When the author hates the movie-version of her book.
Sell your book by giving it away!
Helen Oyeyemi has a new book and I can’t wait to get my hot little hands on it.
This is was very very cool– how a book cover came to be.
Someone has a soft spot for bad second novels.
The Oxford Poetry drama: Derek Walcott was suppossed to be the winner, but he pulled out due to a smear campaign; then it turns out that Ruth Padel–who ended up with the post– was behind the drama in the first place. So who will get the job now?
A HUGE self-publishing success story.
Mosaic has a new look for the new issue.
The University of Mississippi has just published Women and the Civil Rights Movement, 1954-1965, a ground-breaking anthology of speeches given by women civil rights leaders. The contents include addresses given by Fannie Lou Hamer, Rosa Parks, Mamie Till, Lorraine Hansbury and Daisy Bates. In addition, the anthology recovers speeches given by less-known women who bravely stood up for civil rights. Among these women is my mother, Barbara Posey Jones who addressed the NAACP National Convention in Minneapolis on June 2, 1960, when she was just a teenager.
It is my opinion that she should write a memoir.
You know I think of myself as Toni Morrison’s biggest fan. And yes, I did coin the term of endearment, ToMo. However, there is a member of our blog community who is more Hard Core than even me.
John Charles Palazzo is an expat living in Rome. He came across this blog while looking for information on all things Morrison. He comments pretty often when ToMo is the topic. Well, yesterday, he emailed me in what I can only call a frenzy. ToMo would be speaking in Milan. What should he call her? Dr. Morrison? He could never call her Toni. Perhaps her given name, Chloe? We decided on Ms. Morrison, and of course, Ma’am.
What happened next? Below is his report and a absolutely fantasic video.
so here is my story of my brush with greatness!
first, Ms. Morrison was in a really great mood, she seemed rested and really full of energy and enthusiasm. My intuition, seeing her up so close is that she’s a person who gets energy from personal relationships, and there did seem to be a feeling between her and Umberto Eco.
so… after about 40 minutes of Q&A between Umberto Eco
mostly I was just flat out impressed with just how brilliant she is.
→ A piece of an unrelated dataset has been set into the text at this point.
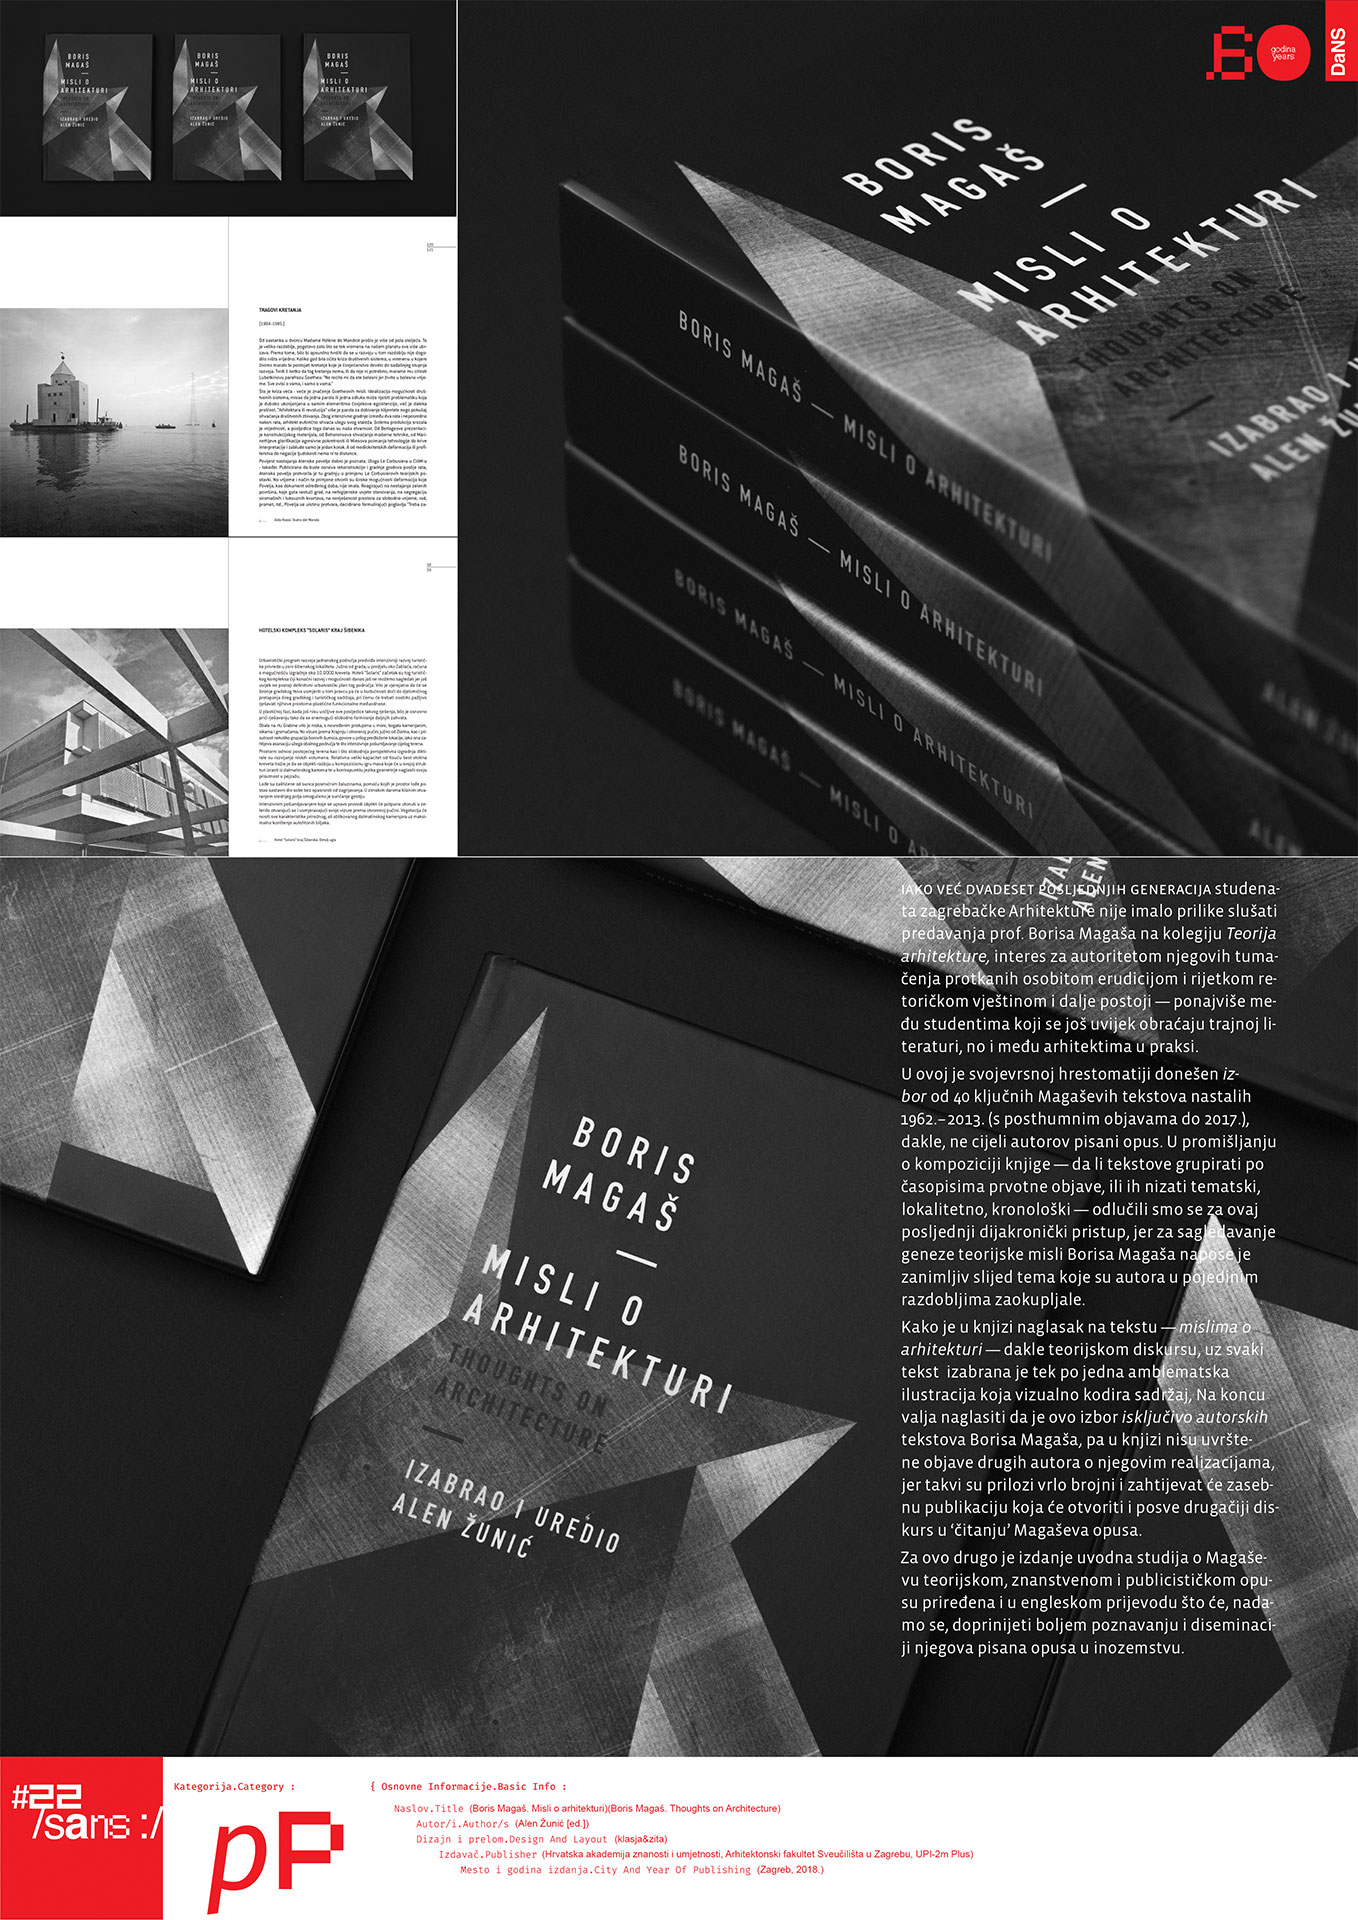 Boris Magaš. Misli o arhitekturi // Thoughts on Architecture

I’ve watched every interview, read every interview, read all the books, so I obviously realised long ago she’s a genius but I really cannot put into words what I felt like to observe her in person. She is just so fluid and fast intellectually, strong yet poetic in her breathless way of speaking, so many things come together in her that I could not see on a screen or a piece of paper. a brilliant academic analytical mind, a person capable of handling complex emotions, yet a person who seemed very open, honest but also brutally severe when necessary in her ability to size a wide range of issues up. She really is amazing to watch over the course of two hours.
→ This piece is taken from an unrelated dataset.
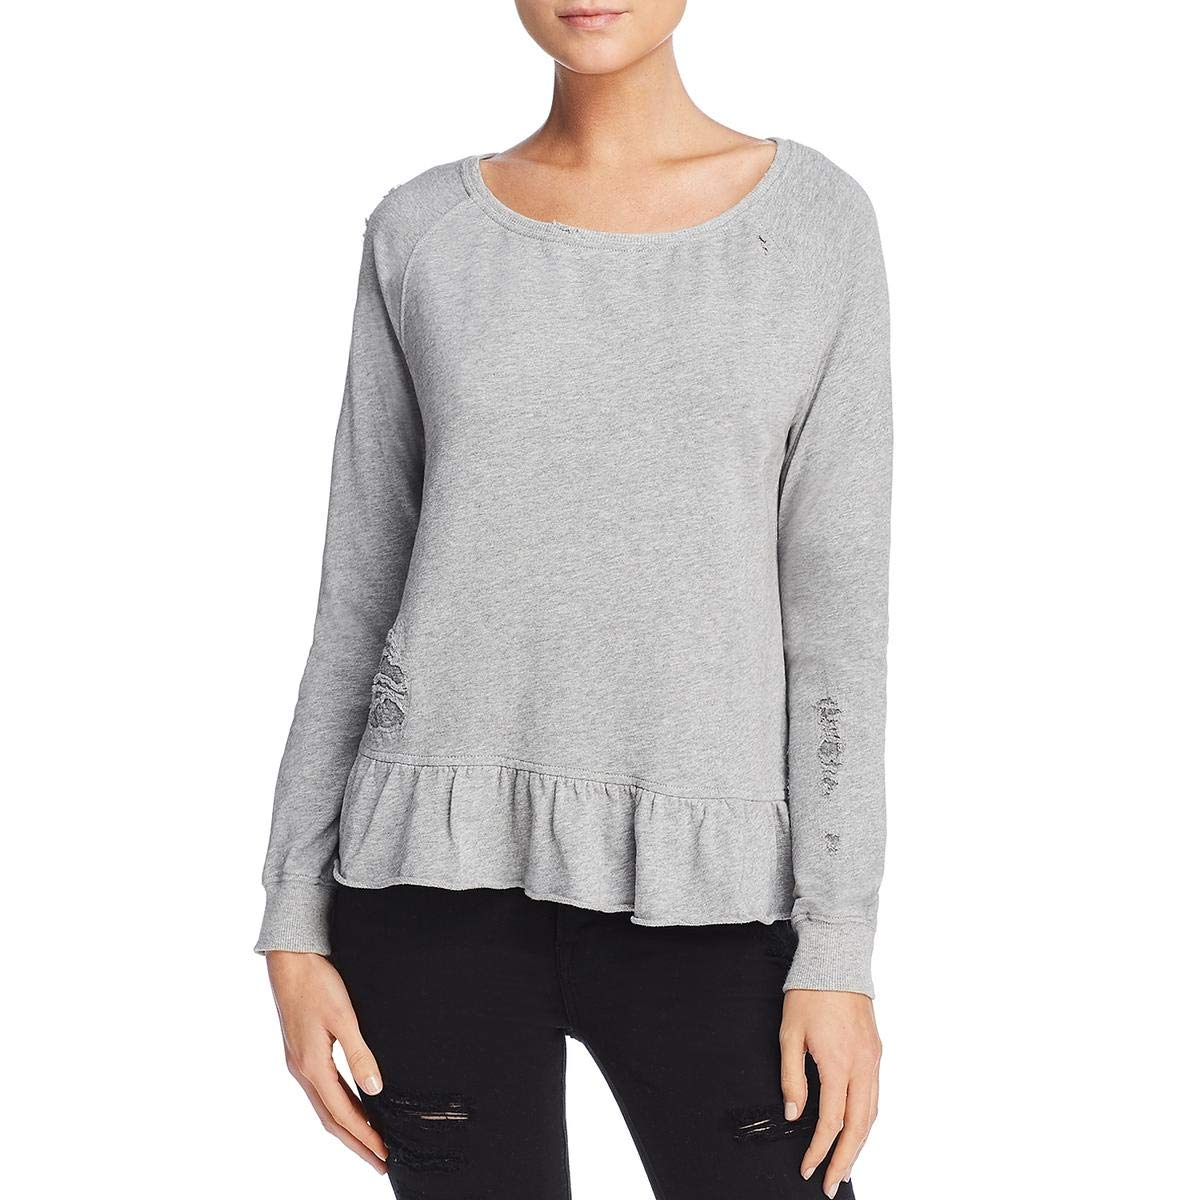 Pam /& Gela Ruffle Sweatshirt

So…. she was very professional the entire time. After about an hour Eco opens up to questions from visitors and I sat silently and didn’t say a word. Then one person’s question leads to another give and take between Eco and Morrison that goes on for about 20 minutes and I start thinking that I lost my chance to ask her my question (that I have wanted to ask her for years) but I still wasn’t convinced to find the courage. Then I thought, here I was, 10 meters from one of the greatest authors in the history of the world, someone from my own hometown, and I was risking to lose the chance that for some short time, Toni Morrison would look at me and listen to me. Then I realised I didn’t want to miss this chance, as I would regret it forever. so…. I start hoping they will open the floor for more questions and indeed they did.